Monetary Policy Flashcards
(10 cards)
What is monetary policy?
Policy’s that influence AD through the money supply. Primarily the interest rates
What is a floating exchange rate?
The exchange rate is determined by market forces and not the central banks or Gov
If interest rate increase, what happens to the exchange rate?
•It increase because there higher demand for the British pound
(This is called Hot money)
What are the roles of central banks and what are they?
- They’re public owned banks that operate to help the government meet their macroeconomic objectives.
- They lend commercial and investment banks money as a last resort.

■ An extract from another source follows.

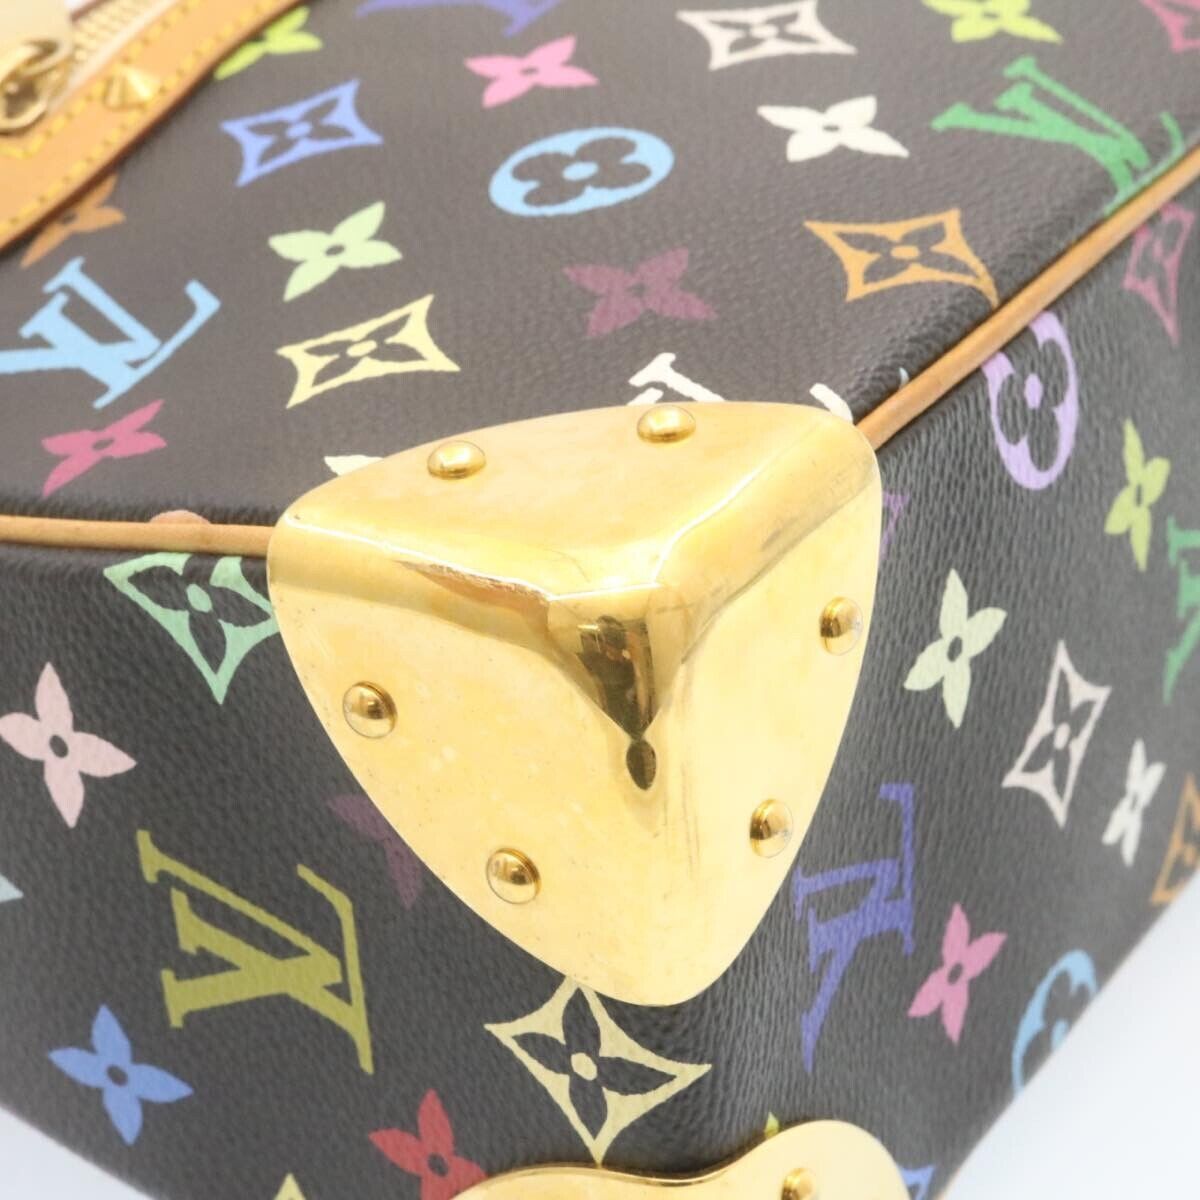 Surène bb leather handbag Louis Vuitton Multicolour in Leather - 30537997
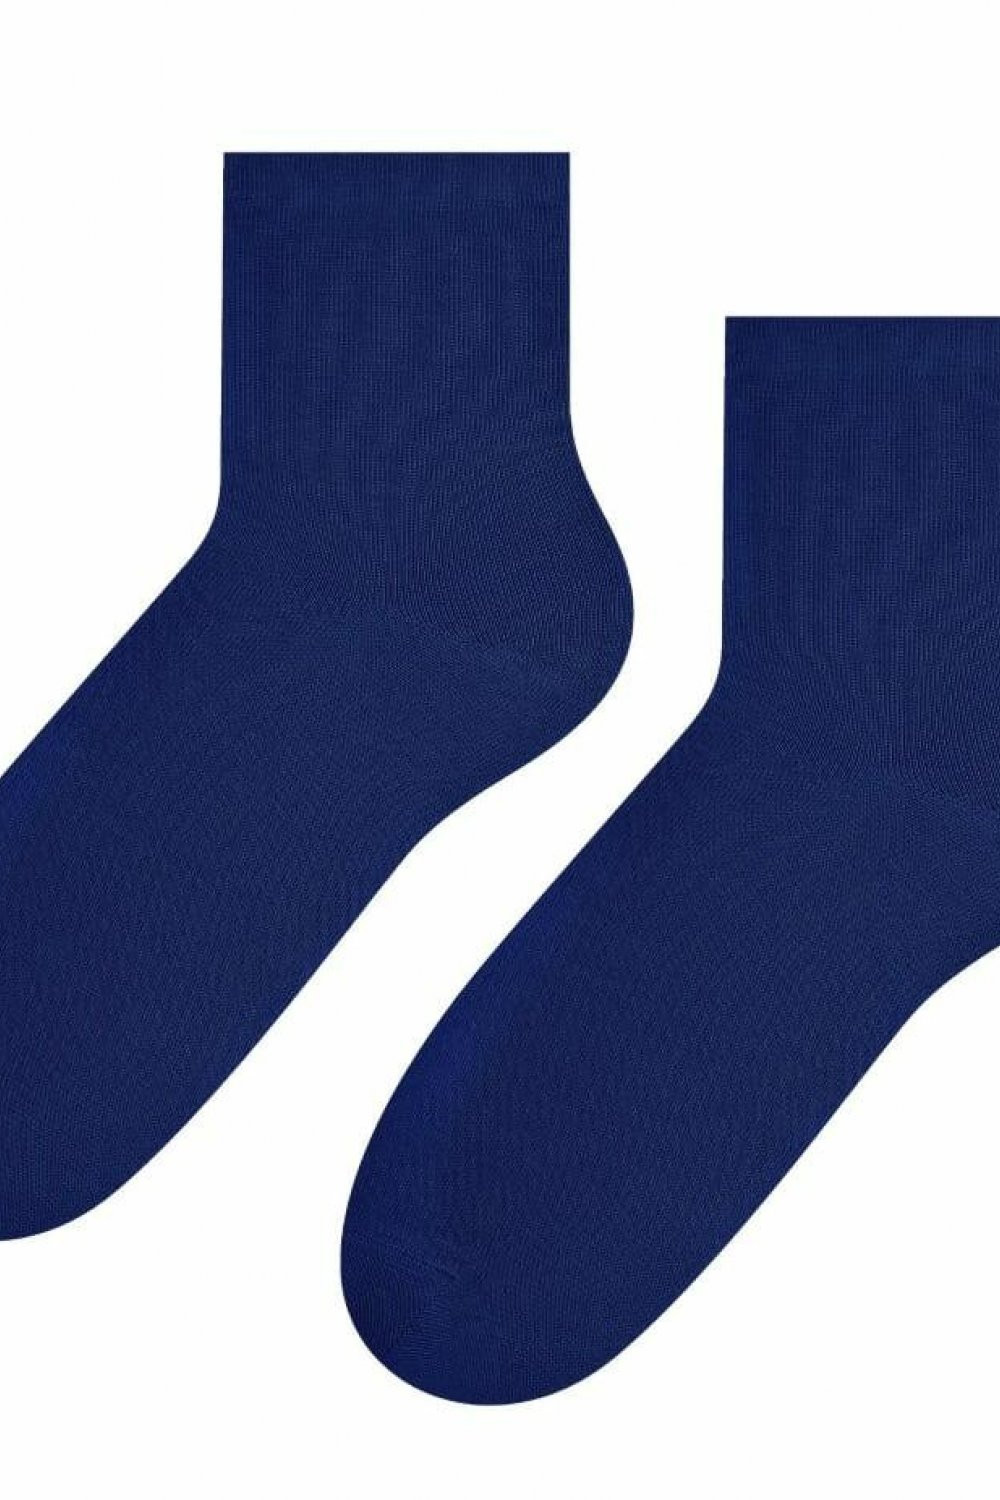 Dámské ponožky 037 dark blue - Steven tmavě modrá 38/40

•NOT A PROFIT MAXIMISING BUSINESS
What are central banks responsible for ?
- Controlling the exchange rate
- Set the base rate of interest.
- Regulate commercial banks and ensure they’re ethical and responsible.
- Run the monetary policy committee.
Define base rates of interest
The rate that central banks charge commercial banks and discounts houses
What is the monetary committee?
A committee of the central bank that meet 8 times a year to decide the official interest rates.
What is quantitative easing?
•When central banks print or create money and buy assets from commercial banks using this money.
What does quantitative easing do?
•Increases the amount of money in circulation which will reduce interest rates.
When is quantitive easing used?
Why?
- ONLY IN EXTREME MEASURES.
* Can lead to inflation and hyper inflation.